In scolding Judas Iscariot, Jesus approves of Mary’s display of lavishness.  His reason?  Love is lavish.  His own love is lavish.  That’s the way God expresses his love:  He lavishes us with his love, but he does so in a quiet way, without fanfare, out of the limelight.

We see marks of this lavishness all over nature–in evolution, for example, that natural, but no less miraculous process where nature explores and experiments in many diverse ways (Teilhard de Chardin’s term for this phenomenon is “fanning”) until after centuries and centuries, nature becomes conscious, and finally in humanity,self-conscious!  Evolution is a process that succeeds because God allows nature to get carried away:  Along the way, while many species survive and others progress to higher levels of existence, so many countless others meet dead ends and disappear from the face of the world forever.  But for God, nothing is wasted.  It is the lavishness of his ways.

We see God’s lavishness also in our own personal lives:  how God gives so much in spite of the fact that we often, if not always, don’t deserve his gifts.  And he does so quietly, almost secretly, without calling attention to himself.  His is the lavishness of the sower scattering thousands of seed everywhere even if he knows that only a few of these will take root, grow, and yield fruit.  His is the lavishness of the prodigal father who not only accepts his returning son, but also puts ring and robe on him and kills the fatted calf as he throws a great homecoming party for him.  God, like the sower and the jubilant father, gets carried away.  But for him, there is no waste.  It’s just the lavishness of his love.

Most of all, we see the lavishness of God’s love in salvation history, most especially  in the suffering, death, and resurrection of our Lord.  He didn’t have to save us in this costly and painstaking way, but he chose to.  He didn’t have to spill a single drop of his blood, but he chose to pour himself out and empty himself–completely!–like the perfumed oil that Mary pours over his feet.  Talk about getting carried away. But again, for God, none of it is wasted.  It is simply the lavishness of his love.

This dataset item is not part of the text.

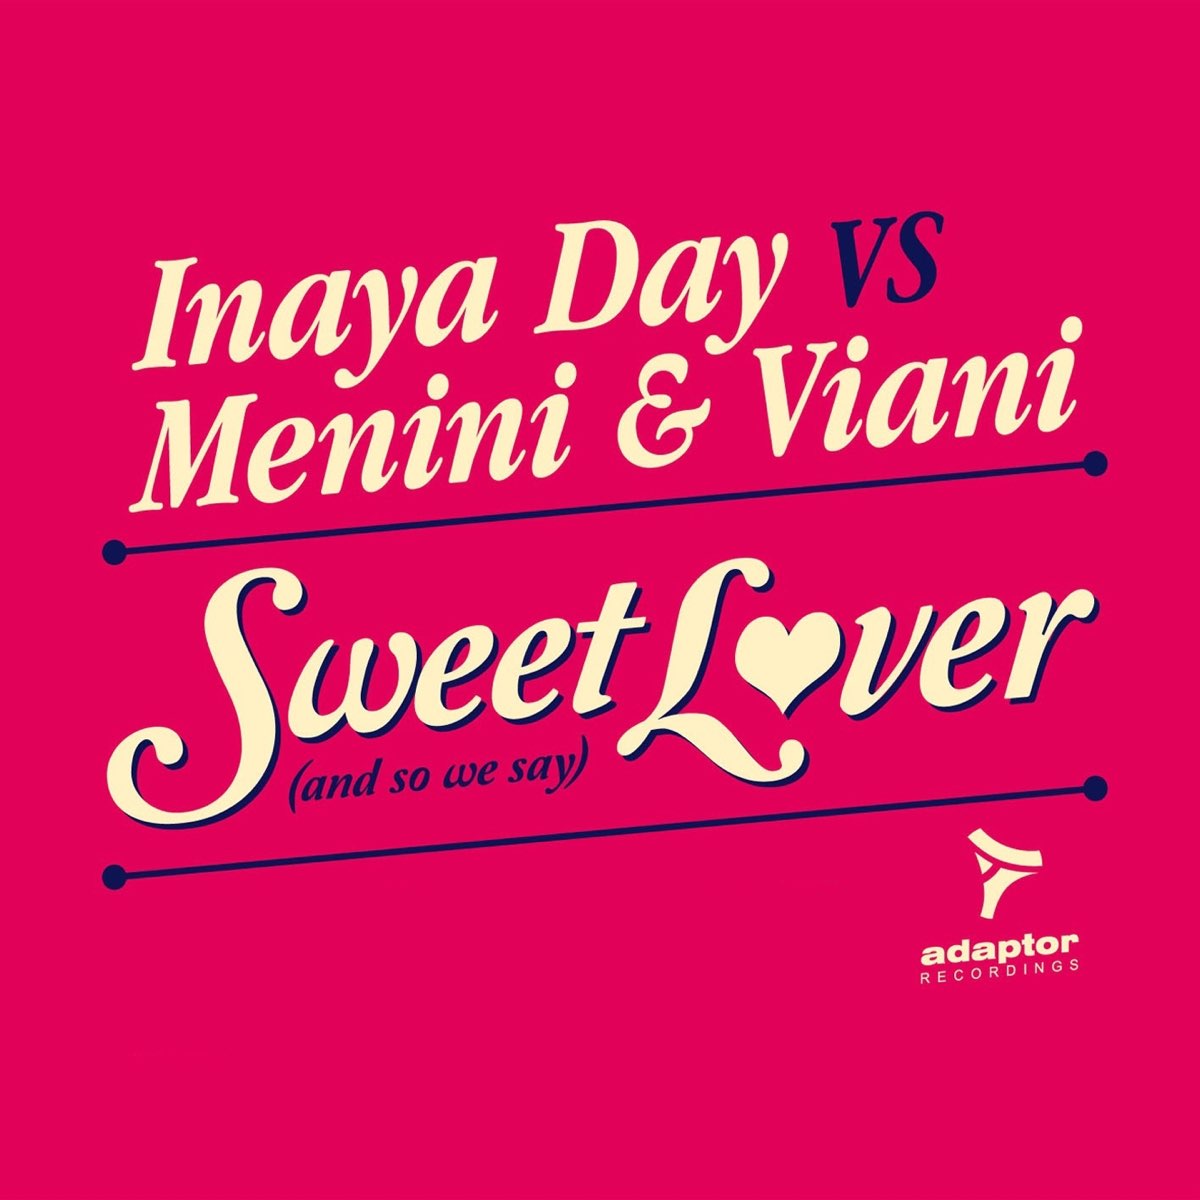 Sweet lover. Viani. Sweet lovers. Sweet House Love. Menini, Viani the Revolution Criminal Vibes Remix.

Now, back to the song “The Rose”:  In its search for the right metaphor for love, the song finally settles for the rose, whose seed lies quietly hidden in the snow of winter but in the spring goes into full bloom.  The song may well be about Christ of the Passion and his great love as manifested in his suffering and death, a love that on Easter morning is revealed in full bloom.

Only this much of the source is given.